== COLLECTED DATA ==
▽
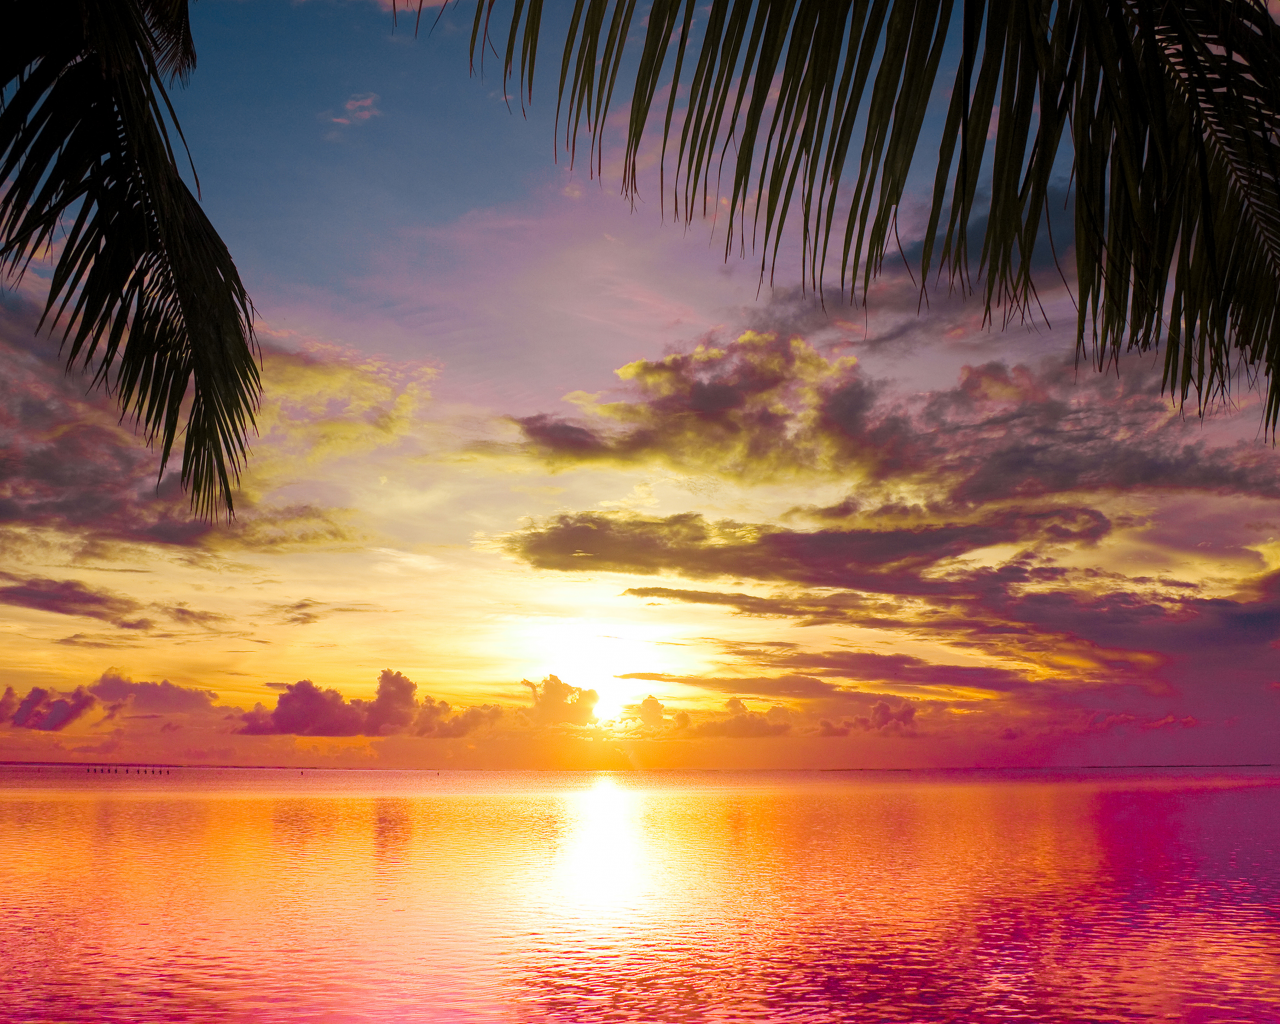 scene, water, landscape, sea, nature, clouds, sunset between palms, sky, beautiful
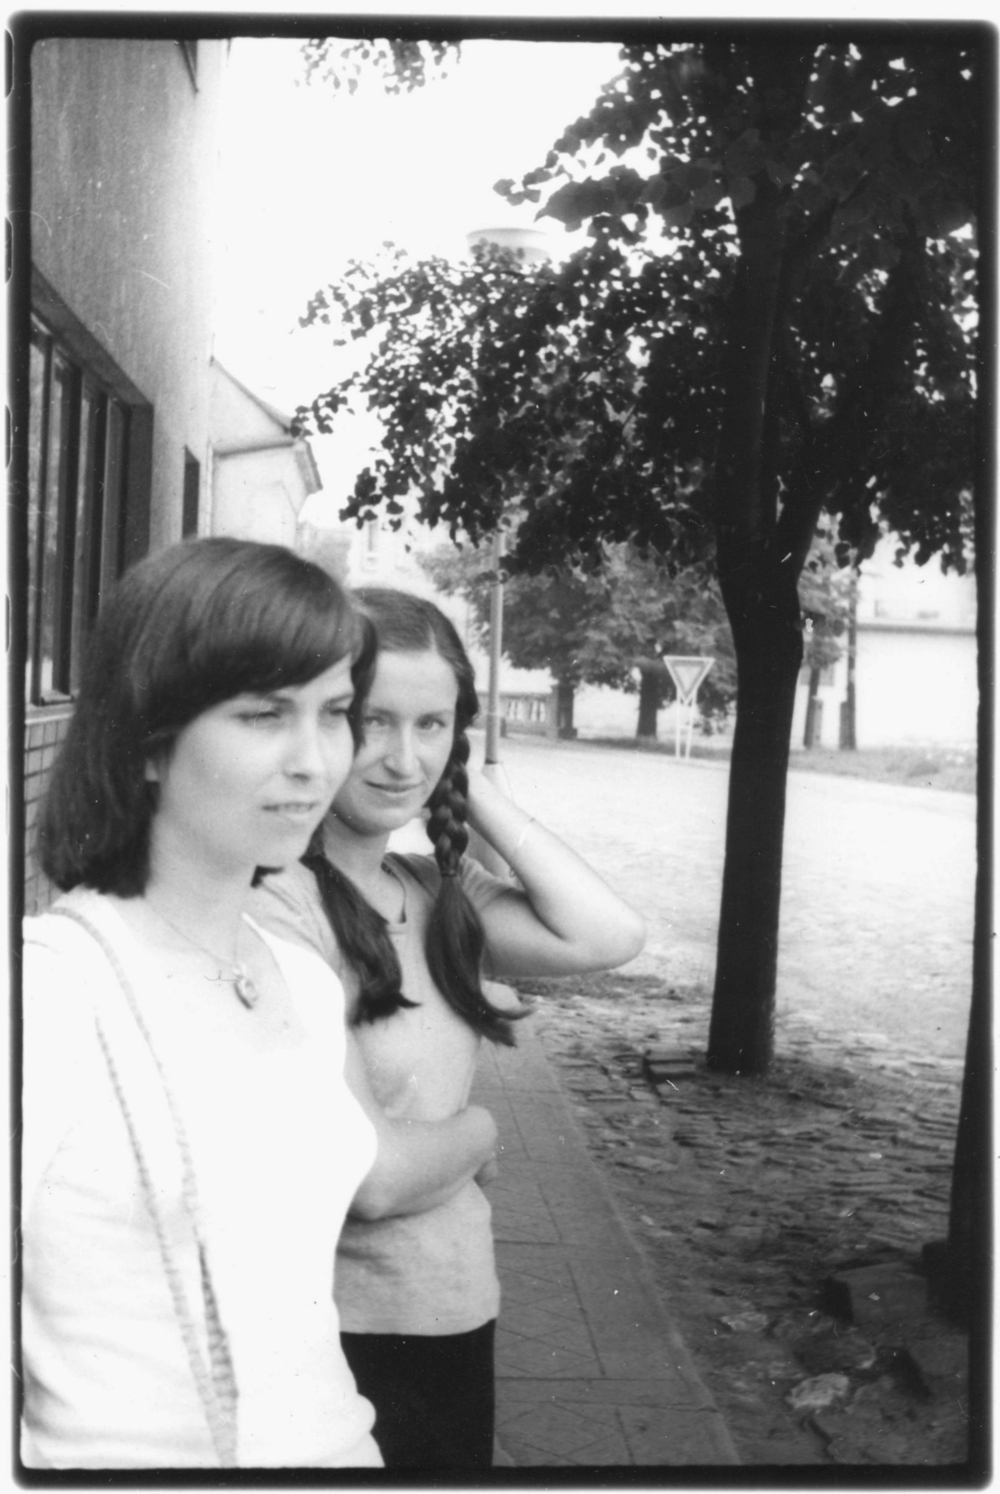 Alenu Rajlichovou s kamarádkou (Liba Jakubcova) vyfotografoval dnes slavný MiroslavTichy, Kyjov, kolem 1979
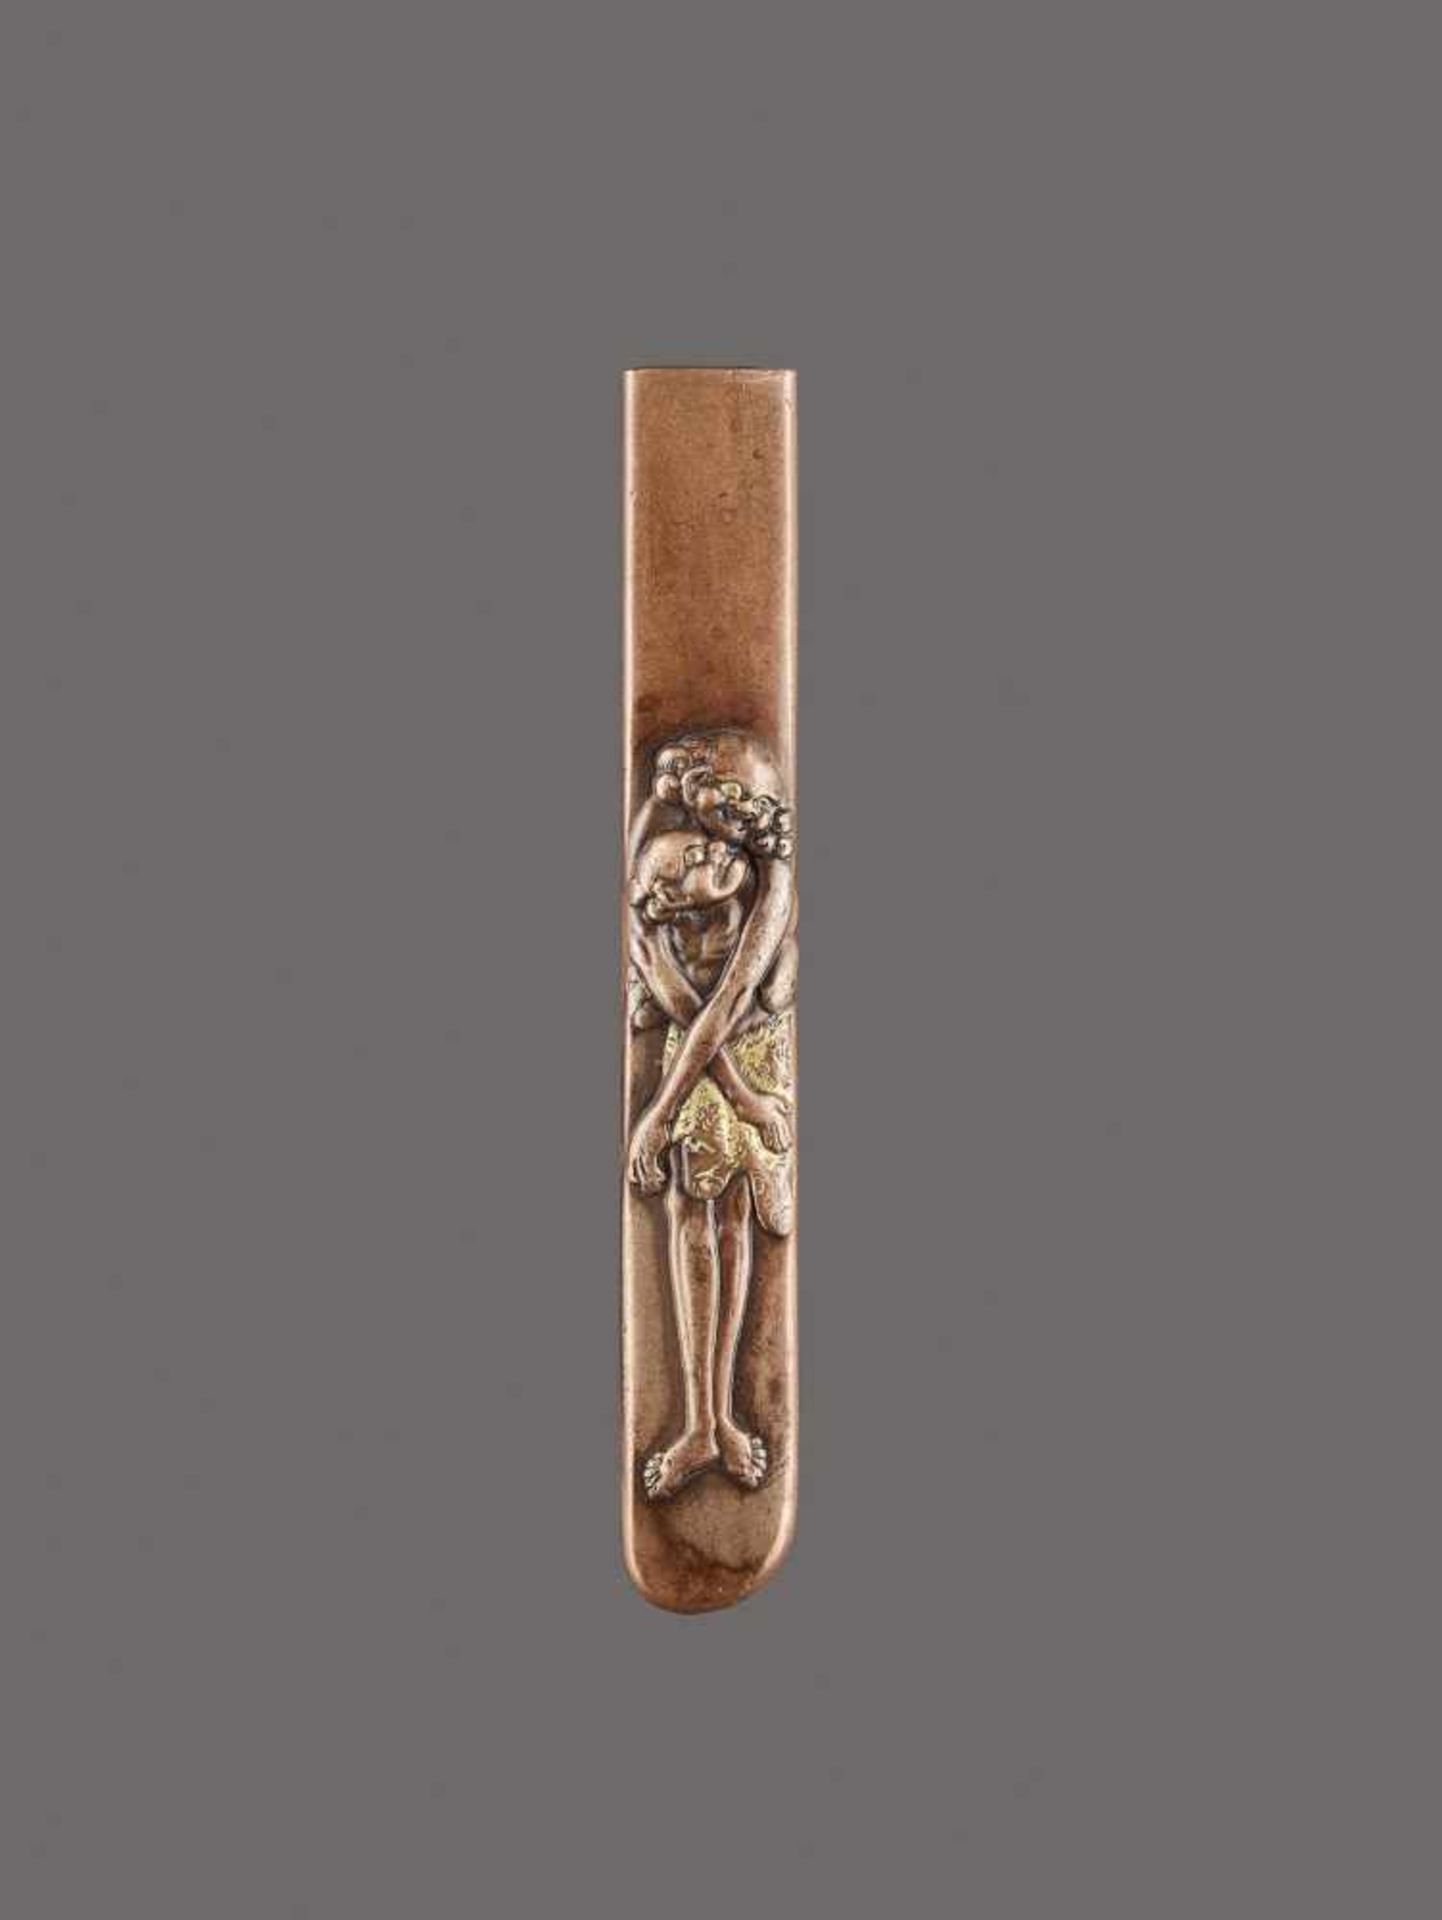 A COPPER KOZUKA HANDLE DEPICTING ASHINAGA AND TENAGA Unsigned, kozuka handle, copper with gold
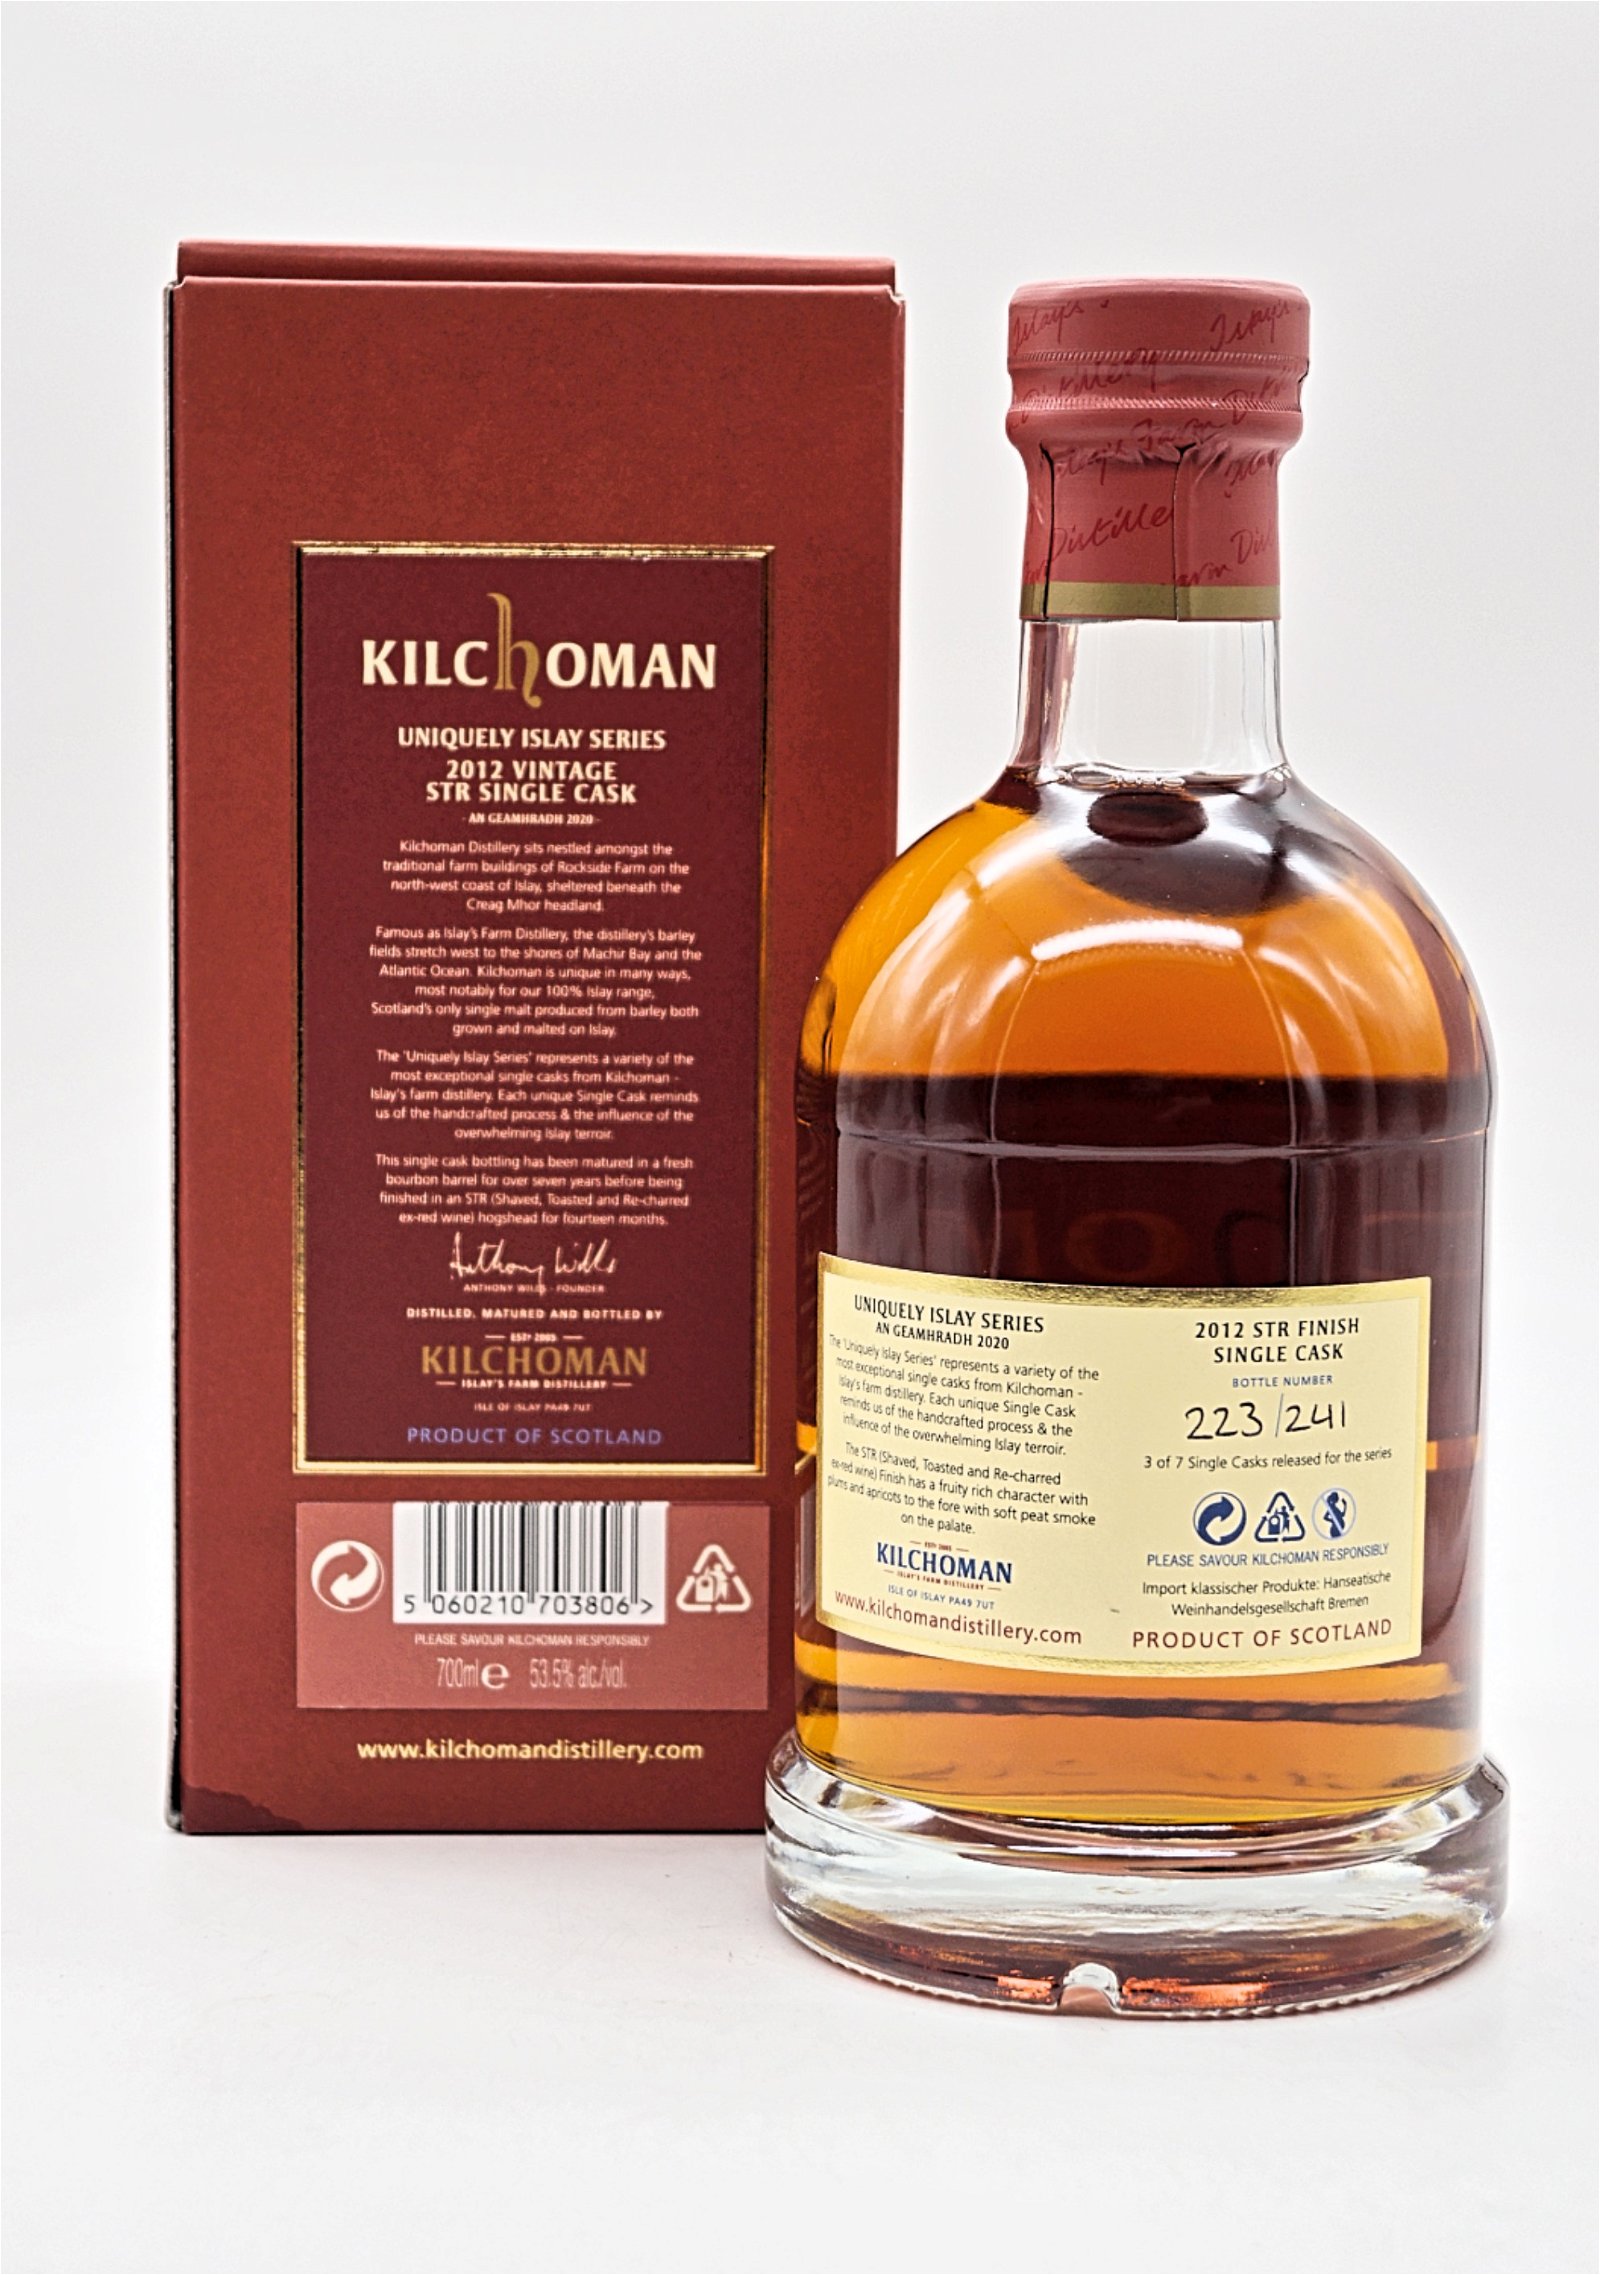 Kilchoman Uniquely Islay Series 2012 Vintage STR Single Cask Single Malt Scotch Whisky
△
== EXERCISE OBJECTIVE ==
Repeat the data above exactly, but not the pictures.

== WRITTEN ANSWER ==
 scene, water, landscape, sea, nature, clouds, sunset between palms, sky, beautiful
 Alenu Rajlichovou s kamarádkou (Liba Jakubcova) vyfotografoval dnes slavný MiroslavTichy, Kyjov, kolem 1979
 A COPPER KOZUKA HANDLE DEPICTING ASHINAGA AND TENAGA Unsigned, kozuka handle, copper with gold
 Kilchoman Uniquely Islay Series 2012 Vintage STR Single Cask Single Malt Scotch Whisky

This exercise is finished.